I also really enjoyed Paul Whitty’s piece – Ricercare – which was performed at Modern Art Oxford on Saturday as part of Audiograft. It was a 6 hour long performance undertaken casually in the yard, spilling out into the street and drawing passersby in. Ricercare is Italian for research or researching, and the piece involves working with a stack of scores and corresponding records. You pick a moment on each page of your score, and then search for its place on the record. You play that moment – a snippet of sound; a note; a chord; a phrase – and then move on to the next page. There were always 3 people performing at once, and this variously produced either a cacophony of chunks of classical music, or beautiful little moments of quietness as we all searched through the scores or the records. There is a very specific kind of listening required to perform this piece, and I enjoyed the work involved in the performance.
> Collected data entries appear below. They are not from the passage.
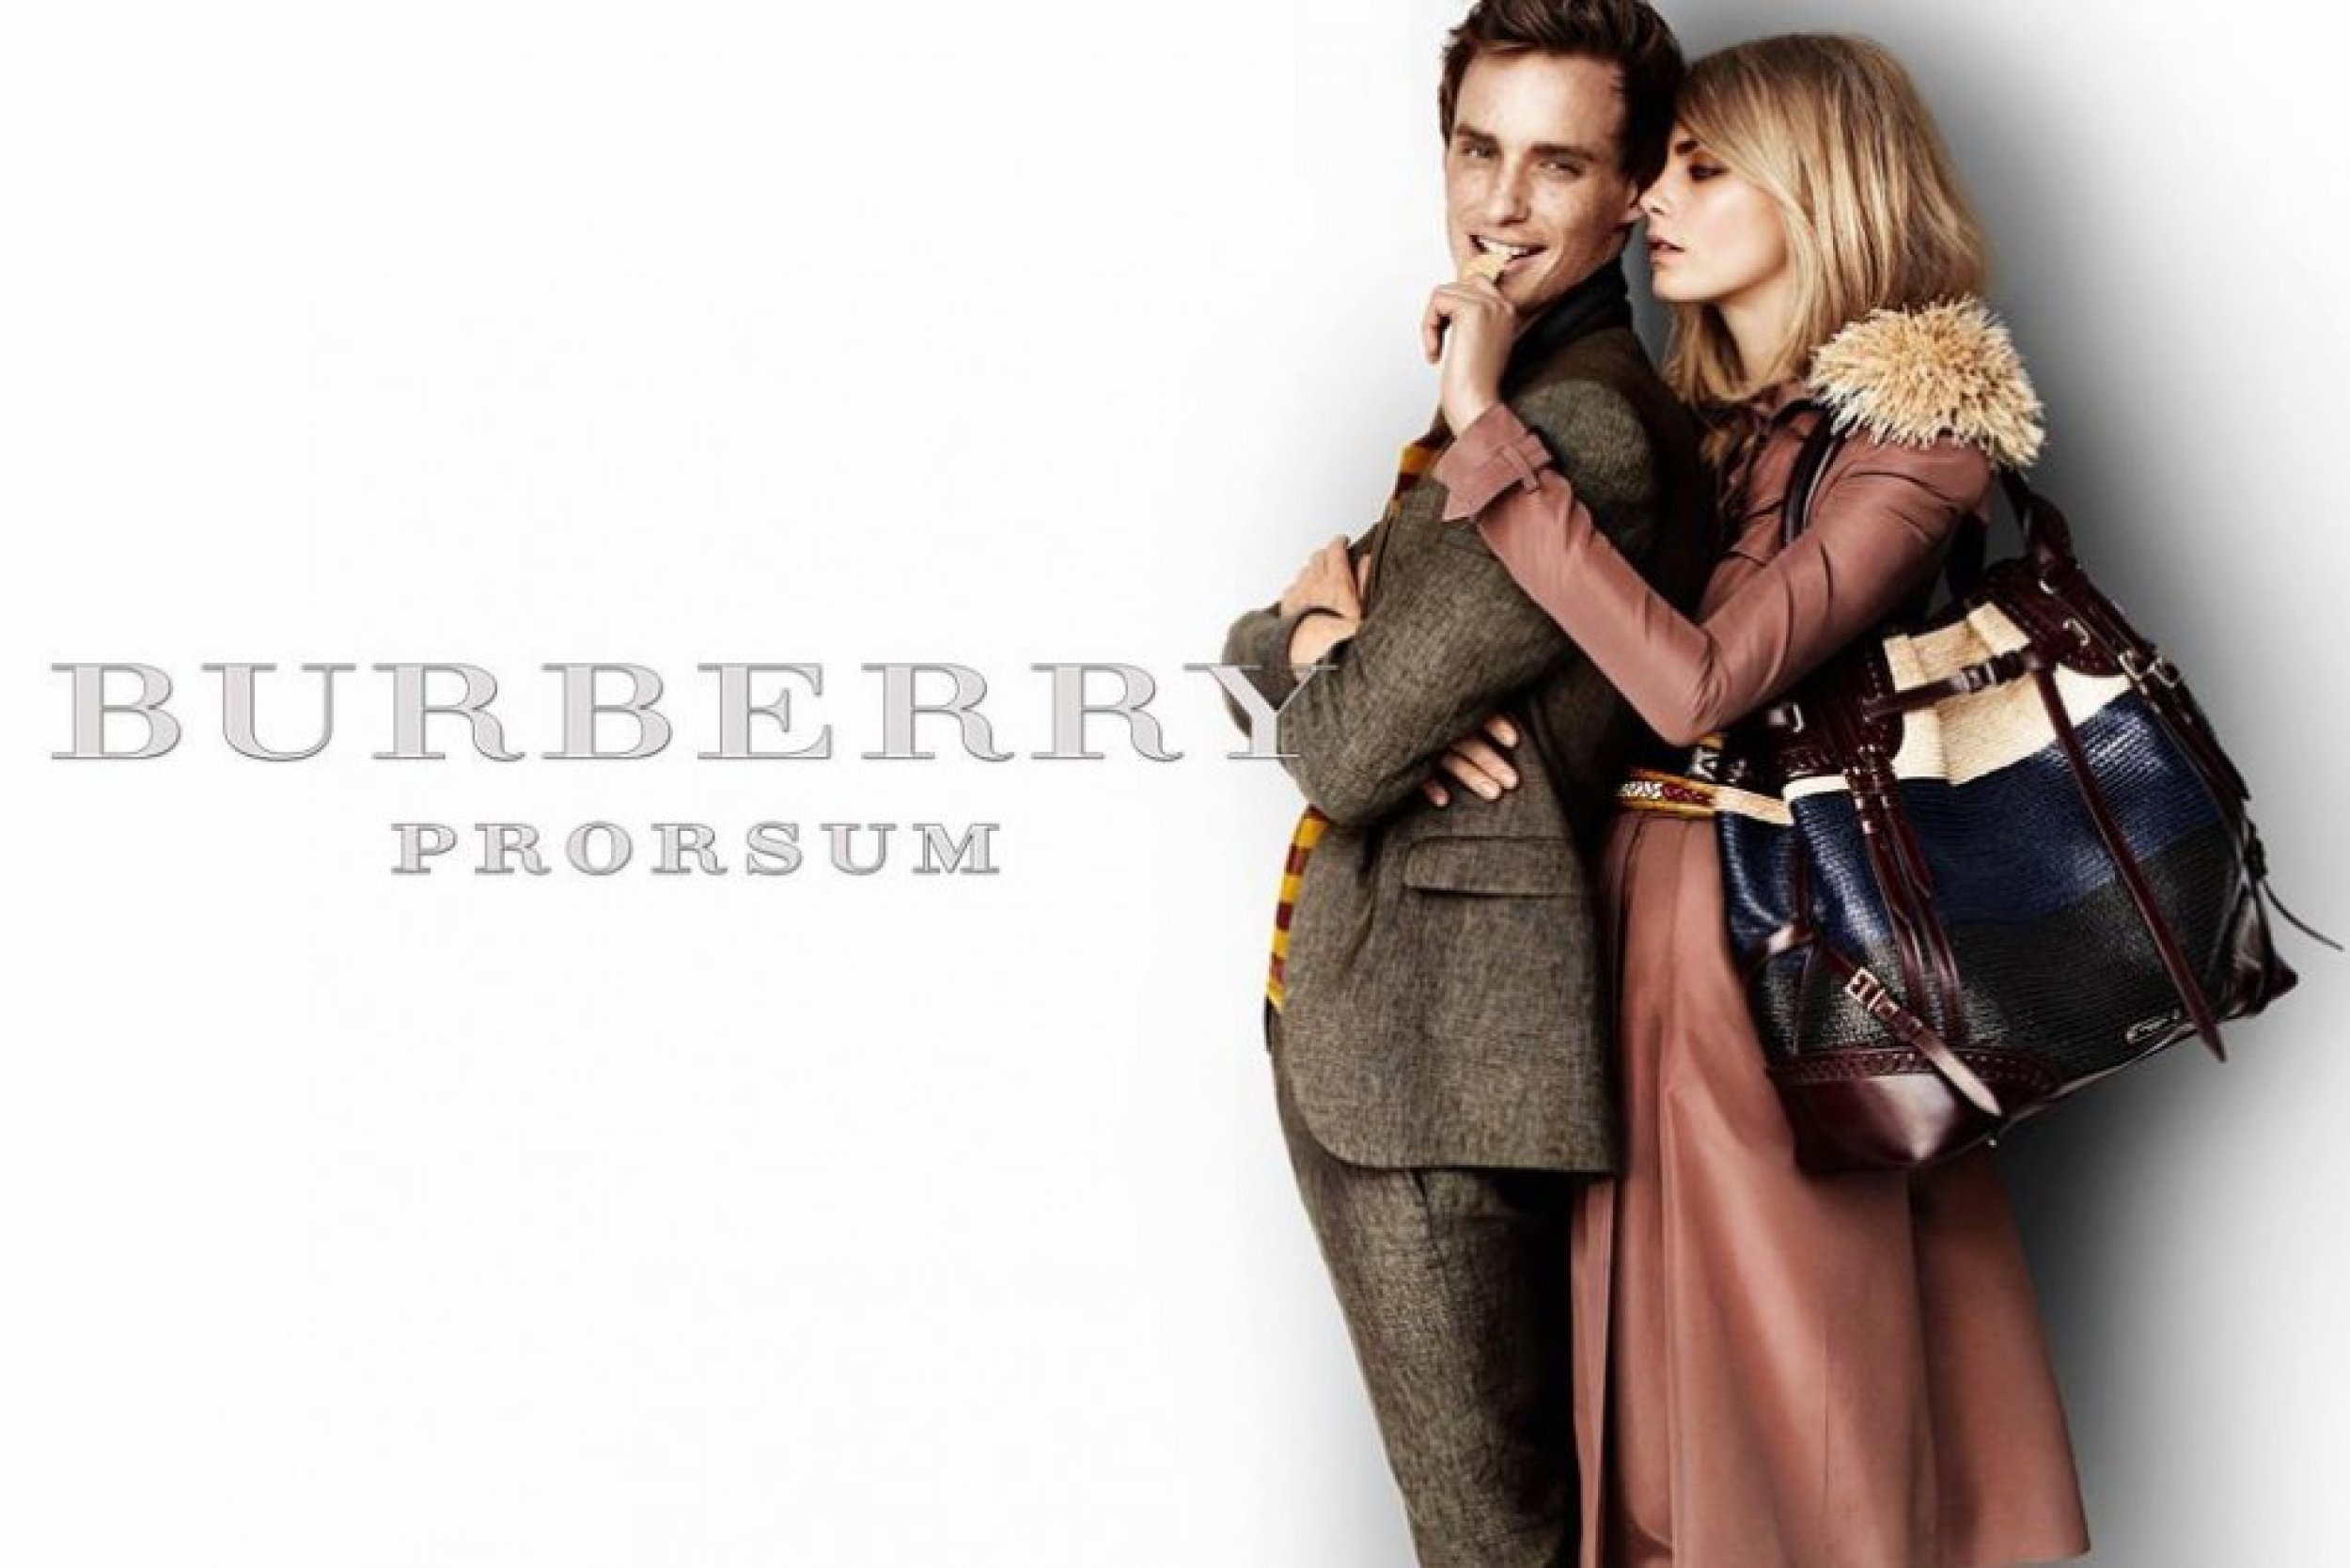 Burberry Beats Dior as Facebooks Top Fashion Brand 
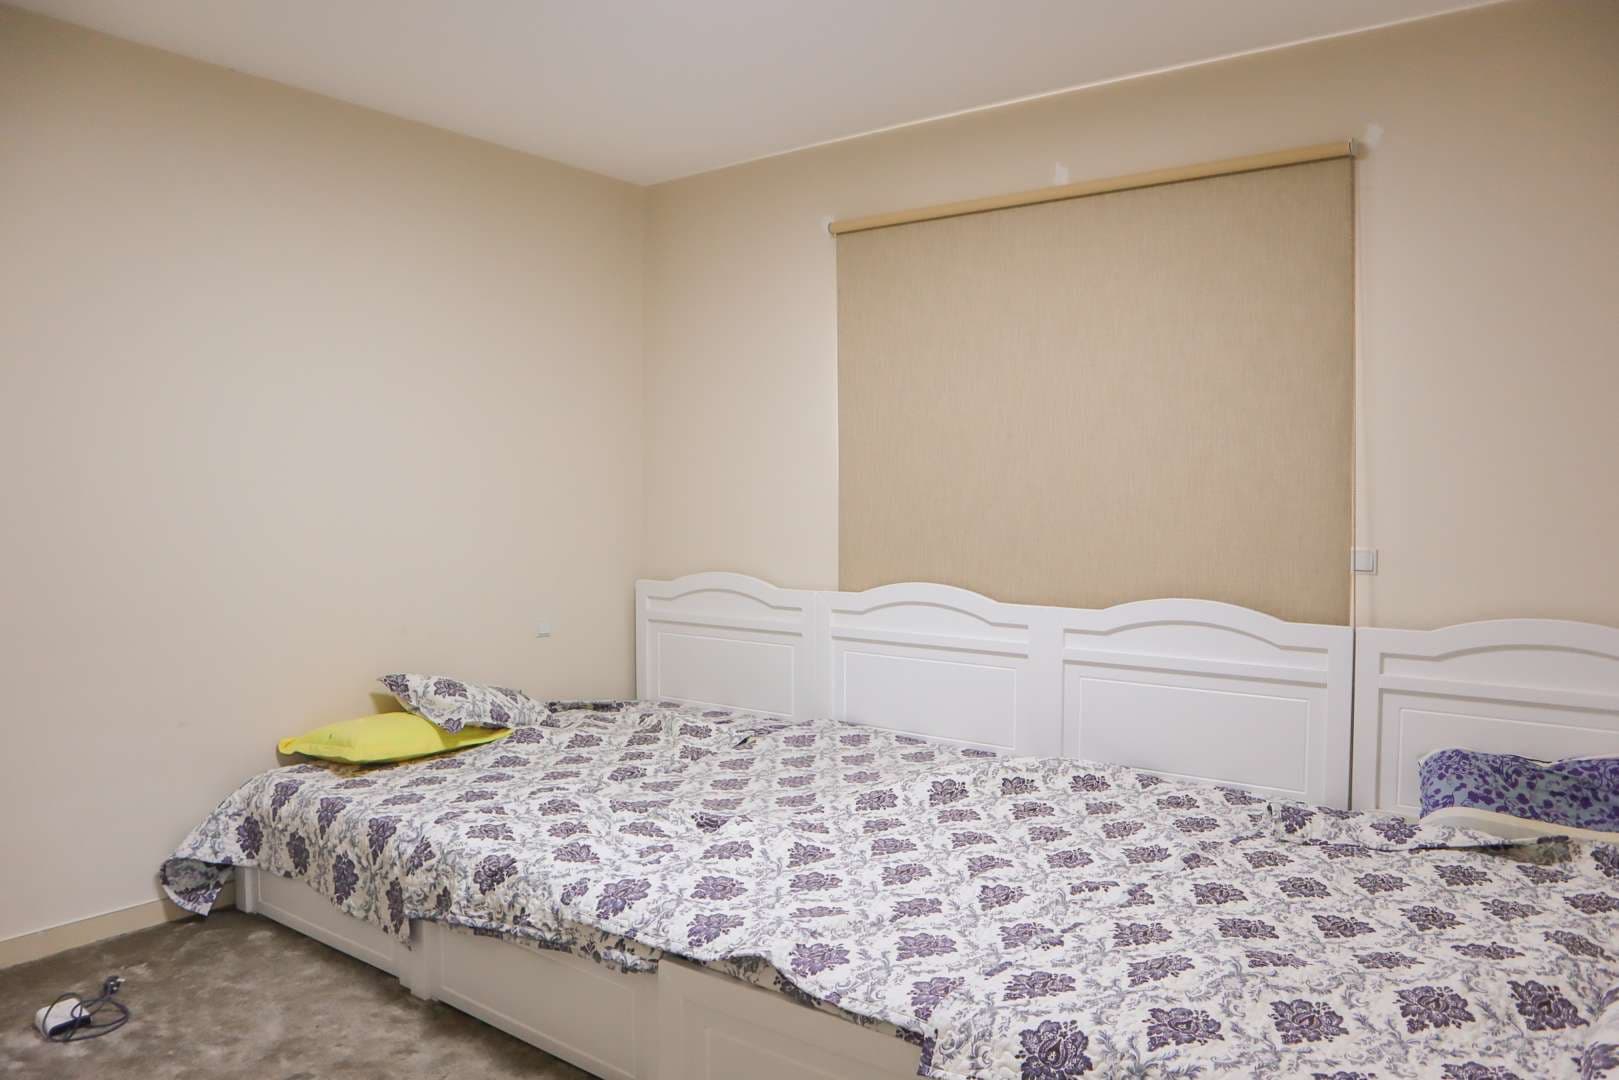 4 Bedroom Townhouse For Rent Mira Lp10896 1afbfa660f4b7000.jpg
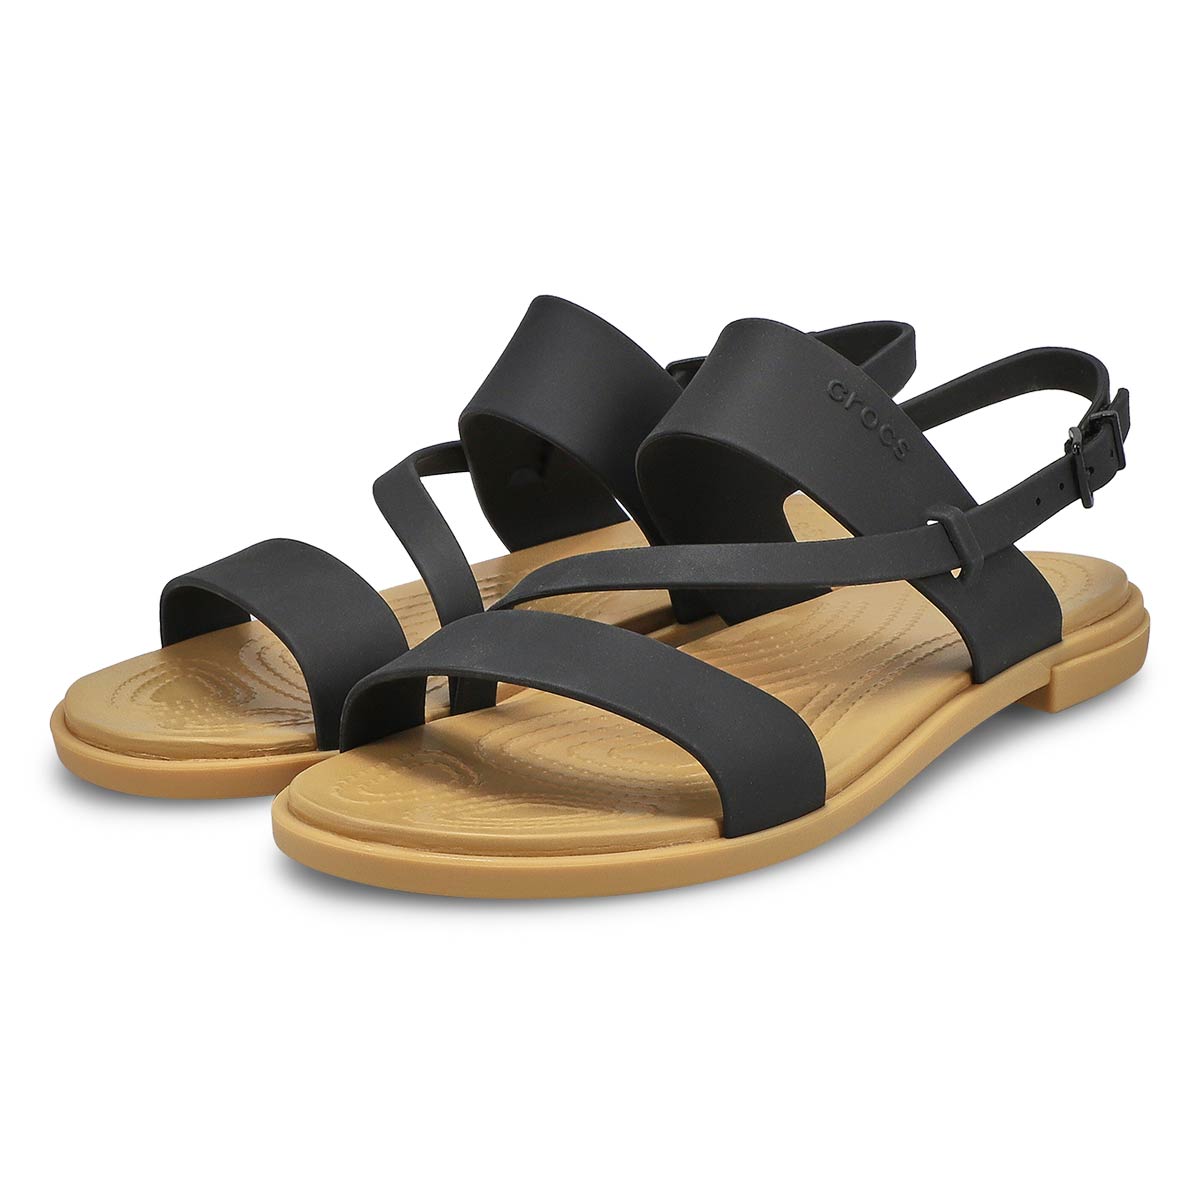 Crocs Women's Tulum Strappy Sandal - Black/Ta | SoftMoc.com

I found all the ideas and sounds encountered during this busy time enormously energising. My head is ringing with electronic music; dismantled classical music; plinky harp noises; the rumble-roar of the sewing machine; the delights of the Atari Punk Console; the desire to build more electronic devices; the animated discussions in the car with Valeria between Oxford and Reading; and the politics and experience of being an artist who is a woman working in this sphere.

Throughout the whole time, I have been knitting this. It is the stitch-pattern Flare from Barbara Walker’s treasury of knitting, shown here featuring various yarns, including some heather-dyed Estonian wool; some Lleyn grown near Whitstable and worsted-spun at Diamond Fibres; worsted-spun Black Welsh Mountain yarn; worsted-spun blue, over-dyed Gotland Fleece from Sue Blacker’s own flock; and some Portland yarn which is also worsted-spun at – I believe from its appearance – Diamond Fibres Mill in Sussex. It is a mosaic-stitch pattern, and the instructions are not charted. The long, written explanation of how the pattern is achieved reminds me of computer code.

I have also been making badges from a 1963 copy of “Wireless Today”, featuring vintage recording equipment. These can be purchased for £1.10 at the Old Fire Station Gallery Shop in Oxford.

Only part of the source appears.